Samantha não fez nada disso. Ignorou tudo que não cheirasse a éter ou tivesse correlação com a medicina. Achava que o trabalho lhe bastaria. Que se amasse o trabalho, se ganhasse muito dinheiro com ele, seria feliz. Esqueceu-se de que o dinheiro só compra acessórios de alegria momentânea.

Mas naquela noite, ao terminar o último ponto da sutura decidiu que ia mudar de uma vez por todas. Que seria mais benevolente, mais flexível, mas dócil. Saiu da sala de operações, se trocou e dirigiu até em casa. Teve uma desagradável surpresa quando abriu a porta do apartamento e viu que só restavam suas coisas e um bilhete sobre a mesa com a letra de Thiago explicando que eles não davam mais certo. Que não era aquilo que ele queria da vida apesar de muito lhe amar. Observou no canto esquerdo do papel uma letra machada. Supôs ser uma lágrima. Um sentimento ruim lhe arrebatou. Olhou pra cama recém-vazia do gato na varanda e se sentiu mais sozinha ainda.

Com os olhos marejados foi em direção à casa dos pais. O porteiro sem entender porquê ela estava ali comentou que eles tinham se mudado há quase um mês e que não sabia lhe dizer pra onde teriam ido.
Dirigiu pela cidade sem rumo algum. Encostou o carro em qualquer esquina, pegou o celular e ligou pra amiga. Sabia que apesar de tudo, ela iria relevar a briga, lhe perdoaria e daria carinho e colo pra chorar. O celular chamou duas vezes sem resposta alguma. Na terceira tentativa a voz irritada do outro lado da linha – sem lhe dar qualquer chance de falar algo primeiro – disse: Quando eu quis conversar, você não quis. Quando eu pedi desculpas você não aceitou. Quando eu precisei de você de verdade, você me ignorou e me abandonou. Não temos nada a conversar, Sam!

A chamada finalizou-se antes que ela sequer conseguisse balbuciar qualquer palavra em sua defesa.
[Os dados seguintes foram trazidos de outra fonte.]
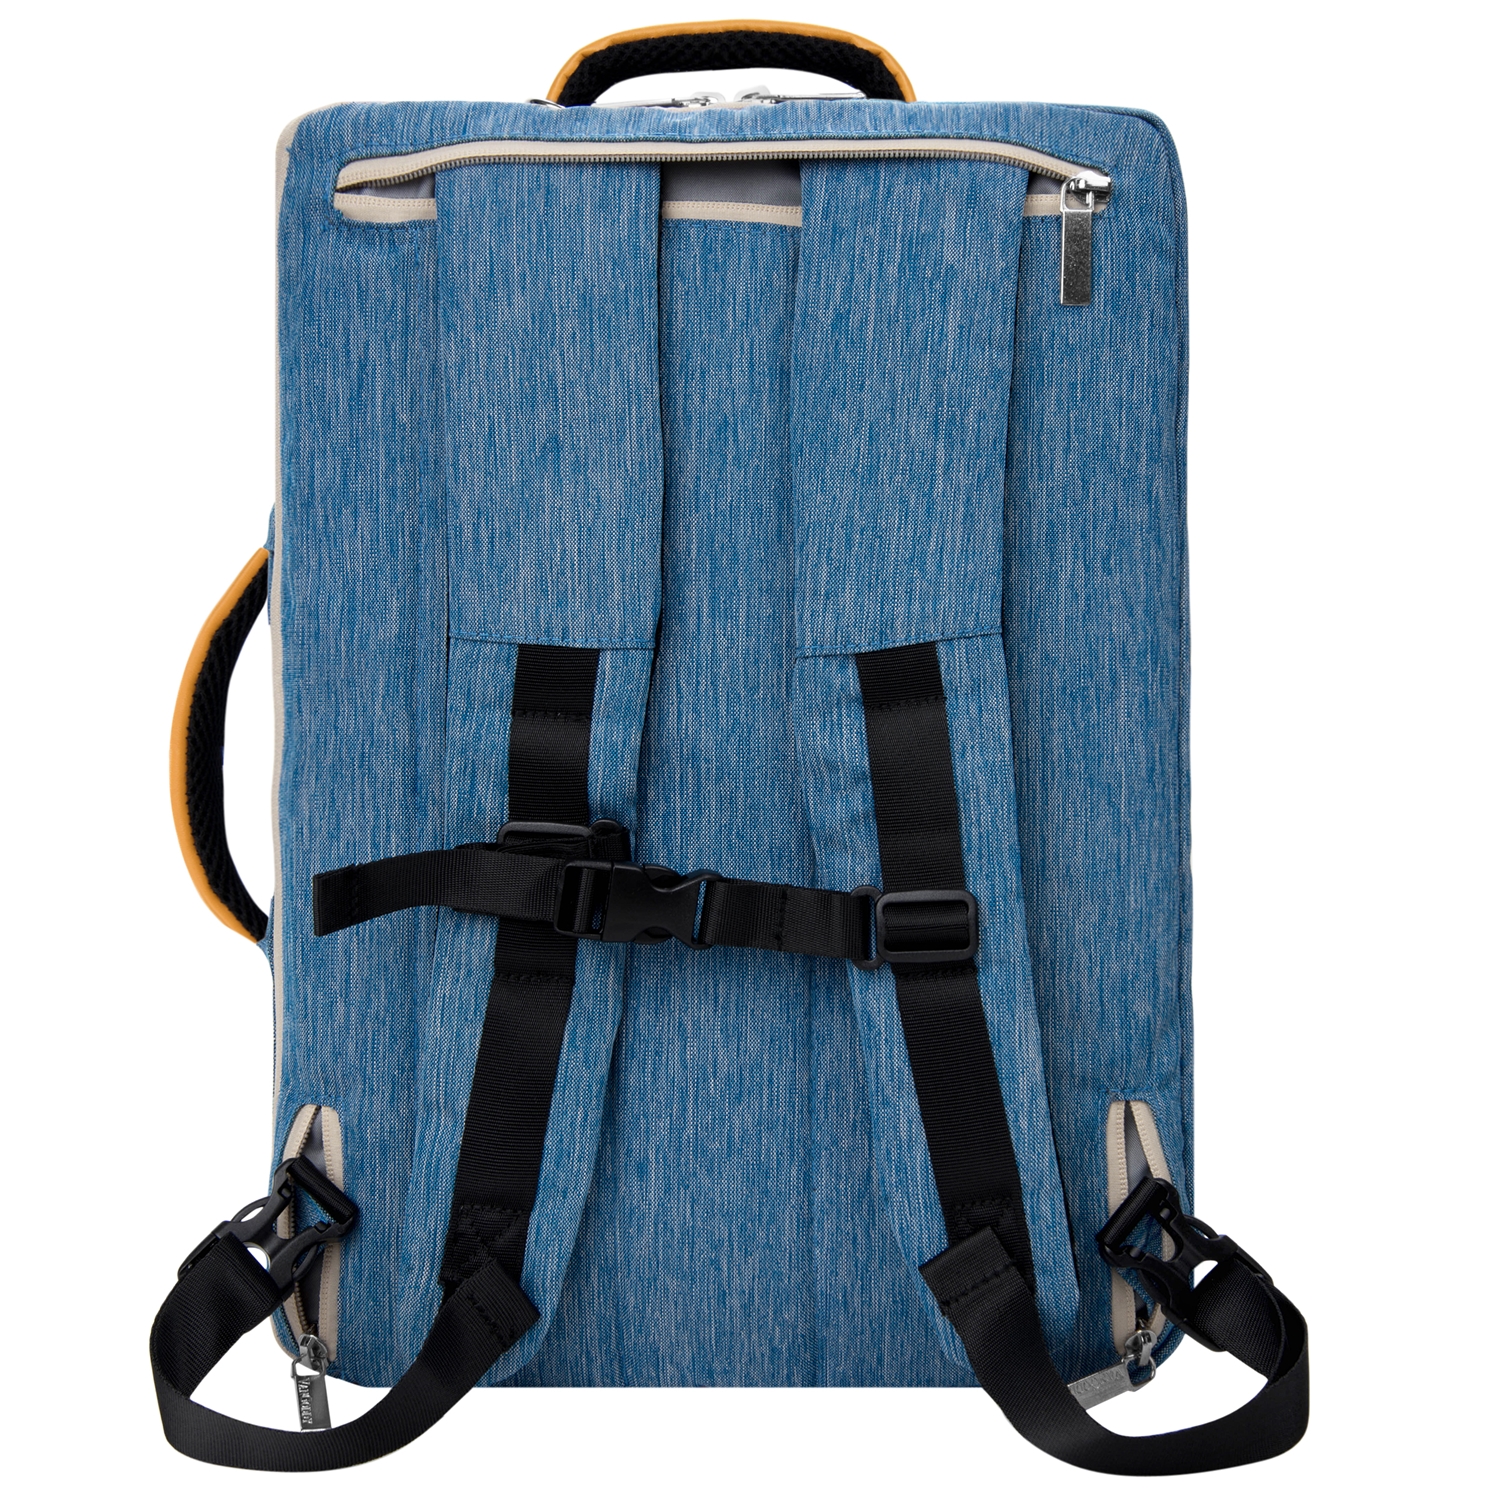 VANGODDY Slate Laptop Messenger / Carrying / Backpack Bag with Adjustable Strap fits 15.6 Acer Laptops

O fio havia se arrebentado e isso abalou todo o resto do trabalho. Não havia pontos enlaçados para garantir a segurança ou facilitar o recomeço. Confiou nos pontos simples achando que eles suportariam a pressão, mas viu que todos os pontos haviam se rompido e sua ferida estava fragilmente exposta. Costurava sua trajetória com pontos simples pois só sabia fazer pontos reservas com a vida de outras pessoas.


Samantha soube da pior forma possível que ela passou a vida toda costurando sua vida com uma sutura simples ao invés de tecer uma sutura festonada.